The responsibility for the care of these cases falls to the parish priest. In fact, the total response for all Episcopal marriages is in the lap of the parish priest.

The process begins with a parish member in good standing. He or she is a communicant of a given parish. The communicant approaches the parish priest and the process begins.

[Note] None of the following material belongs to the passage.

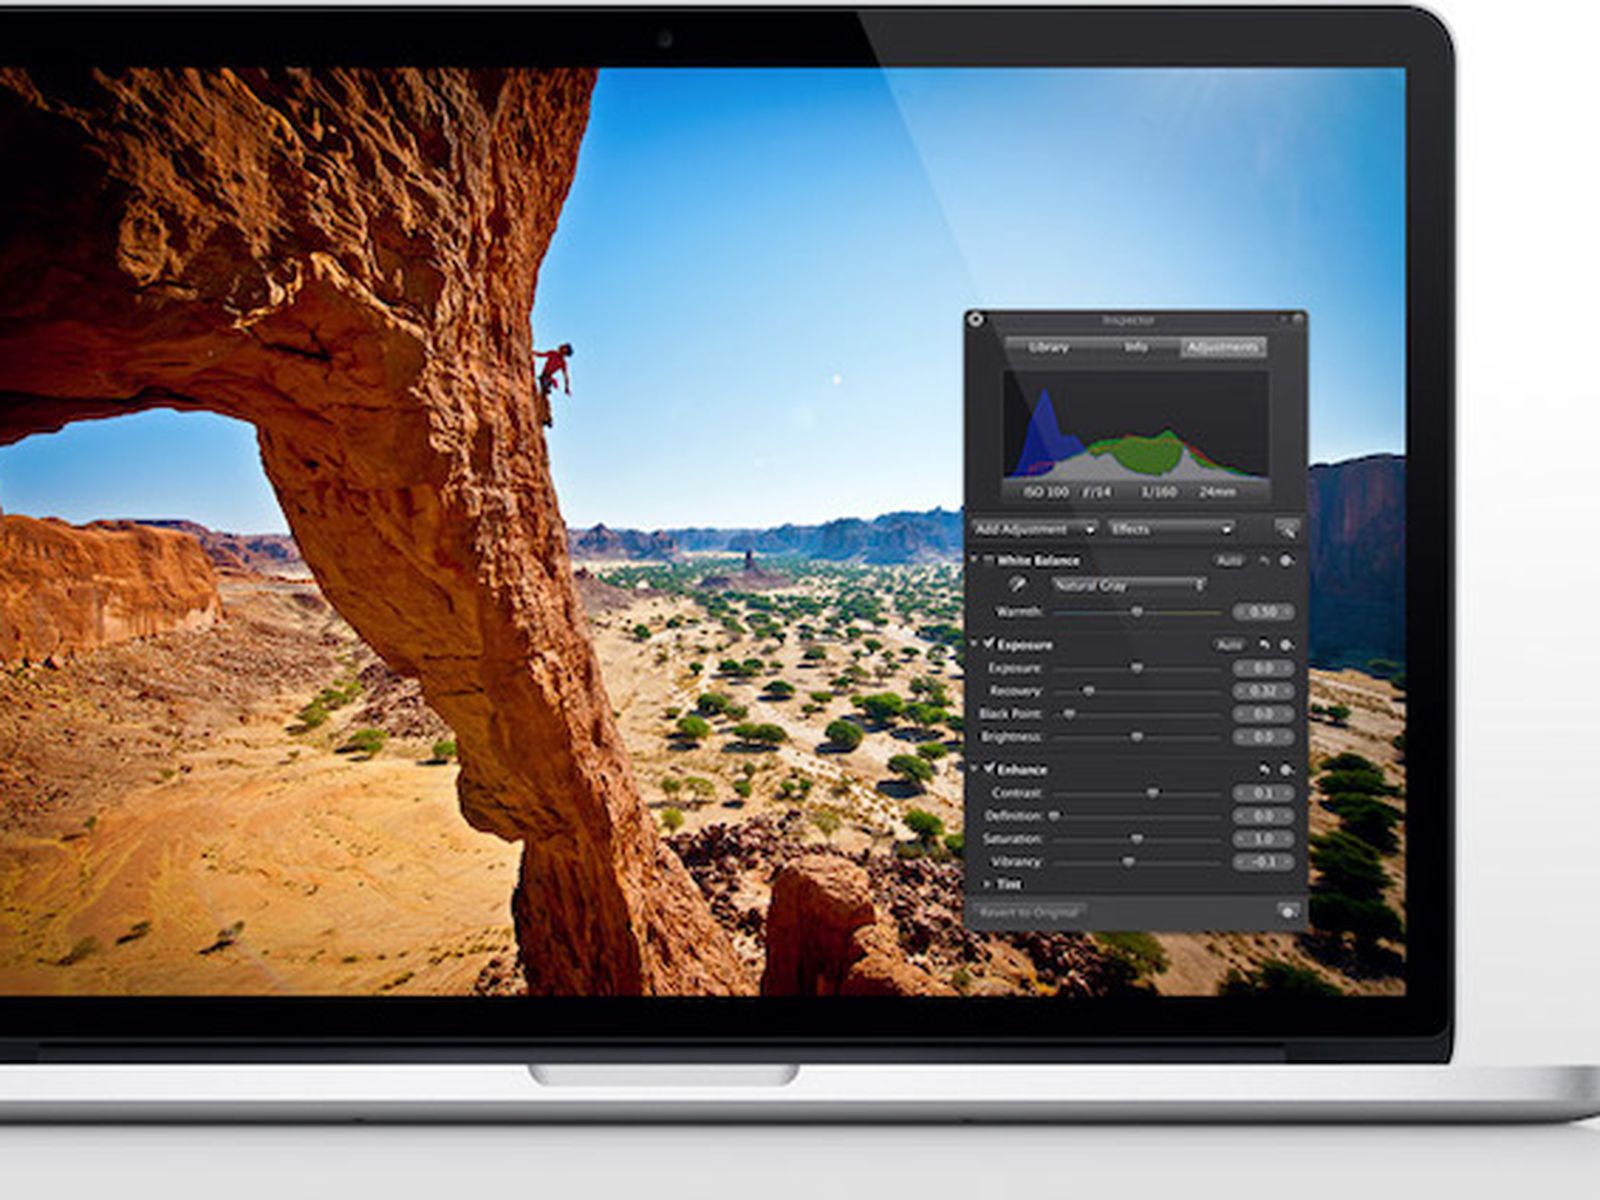 is aperture still available for mac

There is a minimum of sixty days or a maximum of six months notice given. During this time there is a studied preparation. This requirement is meant to remind all those involved that this will be a union as set forth in the Book of Common Prayer. If one-or both for that matter-is a divorce or divorcee, the priest may ask that person to express what happened in the previous marriage, why it happened, and what was learned.

Whether or not the marriage includes a divorced person, there are informational forms to be filled out. If there has been a divorce, the form will inquire into the care of the children, if any, of the prior marriage.

Finally, if a divorced person is involved, a letter must be sent by the priest to the bishop, asking canonical permission to witness the vows.

Rarely would that permission be denied. For one, almost all the time the bishop has no way of knowing the people involved. He relies on the priest’s judgment. The bishop’s attention might be piqued if one of the parties were a celebrity or, perhaps, notorious.

If a priest were to exercise atrocious judgment, the bishop might well level a punishment-in effect, denying the priest permission to function as a priest for a given time.

In the Episcopalian Church in the United States of America, attention certainly is given to the existence of a prior marriage. Steps are taken to learn from the past, and an attempt is made that a sad history will not be repeated.

“Shopping” for a sympathetic priest seems fruitless, at least in the directives of Episcopal Church law, since the communicant is directed to consult his or her parish priest.

But such restrictions, rubrics, processes, and laws fade into a mild attentiveness when compared with Roman Catholic law regarding marriage, nullities, dissolutions, sanations, privileges of the faith and remarriage.

Give the Catholic Church this: It has been around a long time to build up these laws, or canons. And the Church has used this time assiduously.

Koesler pulled a huge volume from his bookcase. The Code of Canon Law-a Text and Commentary. These 1,752 canons, published in 1983, comprised Catholic Church law.

He switched on the overhead light and returned to his seat with the book. He pulled a pen and a pad from his desk.

He’d never thought of it before, but now he decided to tabulate how many of these 1,752 laws applied to marriage and remarriage. After a few minutes of counting, he came up with 146 laws.

Perhaps the pivotal law is Canon 1060, which states: Marriage enjoys the favor of the law; consequently, when a doubt exists, the validity of the marriage is to be upheld until the contrary is proven.

This is at the hub of remarriage after a civil divorce. Remarriage, by definition, indicates there is a prior marriage. There is no doubt about the validity of the first marriage until and unless one or both parties want to marry someone else. At that point, if the second marriage is to be in a Catholic ceremony, the party or parties must prove, not that the previous marriage was a failure, a bad but sincere effort, a mistake, etc; but that the previous marriage was null from its inception. It must be proven that only some ceremony took place, but that nothing happened.

Koesler considered the most simple example: Church law requires that for a valid marriage, among other things, the Catholic wedding must be witnessed by a priest and two other witnesses. What happens if the Catholic is married, say, by a judge? Obviously, the marriage is invalid, since it was not witnessed by a priest. Thus, the Catholic is free to marry; since no valid marriage existed, there is no valid marriage to block another marriage.

However, that first marriage, according to Canon 1060, “enjoys the favor of the law.” In order to remarry, the Catholic must challenge the validity of the first marriage. That is what created the “doubt.” Now the Catholic must “prove” the first marriage was nothing from its inception.